USF’s Coaching Dilemma

Whether USF did the right thing by keeping head basketball coach Robert McCullum through at least next season remains to be seen. In all likelihood, the university has deferred by a year what seems inevitable: the replacement of a good guy who can’t get it done at this level. It will mean only two – not three — seasons of a contract buyout next year.

Under McCullum USF has played 86 games and won 27. The Bulls have lost 20 games or more in two of his three years at the USF helm. In its first season of Big East play, the Bulls went 0-15 – pending the outcome of the season’s finale against Georgetown. The team was on a year-long collision course for a worst-in-its-history season. Nostalgia for the Seth Greenberg era is never a good sign.

But what has been determined is that USF, however tempted, will not be going after former University of Cincinnati coach Bob Huggins.

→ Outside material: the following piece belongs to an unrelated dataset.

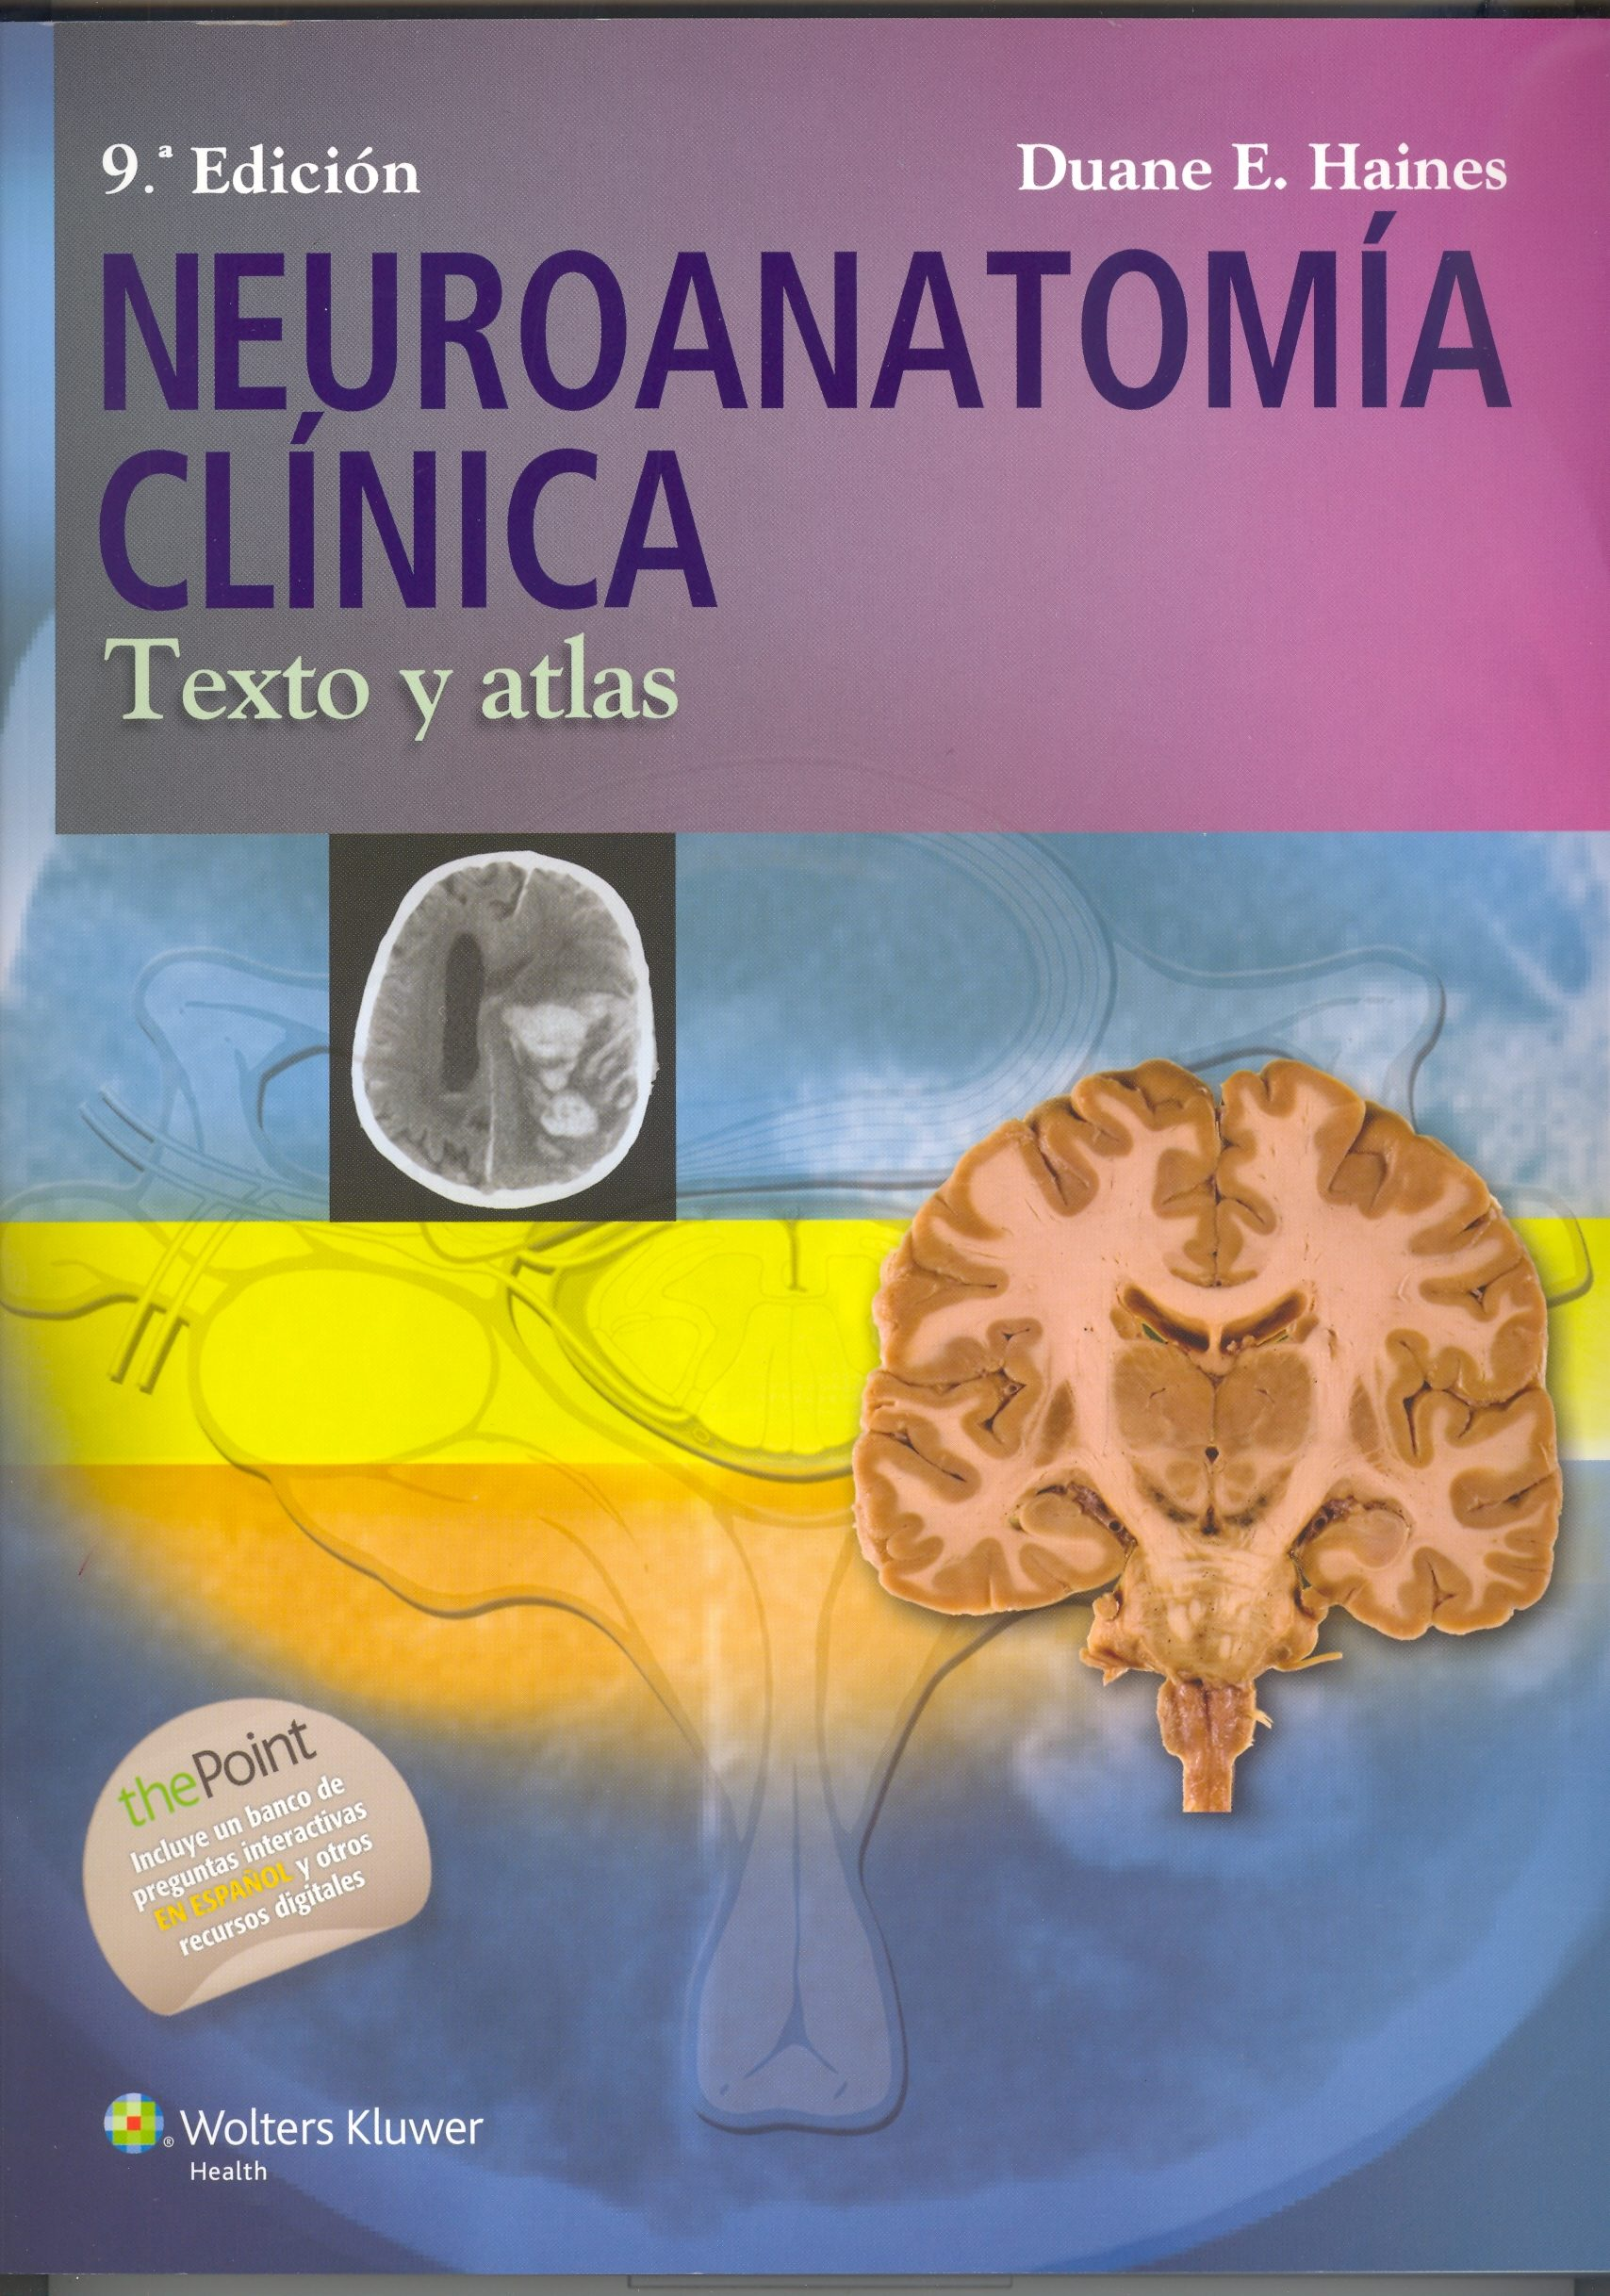 NEUROANATOMIA CLINICA: TEXTO Y ATLAS (9ª ED.)   DUANE E. HAINES ...

Good. Huggins gives “outlaw” a bad name.

Allowances – notably injuries and departures for various reasons – can be factored into McCullum’s woeful record. He’s had success earlier in his career, and he comports himself in a dignified fashion. His Bulls were never criticized for work ethic and scared some really good teams along the way. He could yet return this program to respectability, if that’s the goal, although he would have to do it in the country’s toughest conference, the Big East.

In short, don’t count on this being anything other than a one-year reprieve. He’s still not shown the ability to recruit competitively, and that’s truly the name of this game. It’s especially critical in basketball where a program can literally be turned around over night with a couple of prized recruits.

But at least USF, desperate as it is to escape its embarrassing rock bottom-feeder status in Big East hoops, has shown it’s not about to make a deal with the devil. At least for next year, McCullum will be the coach – not Faust.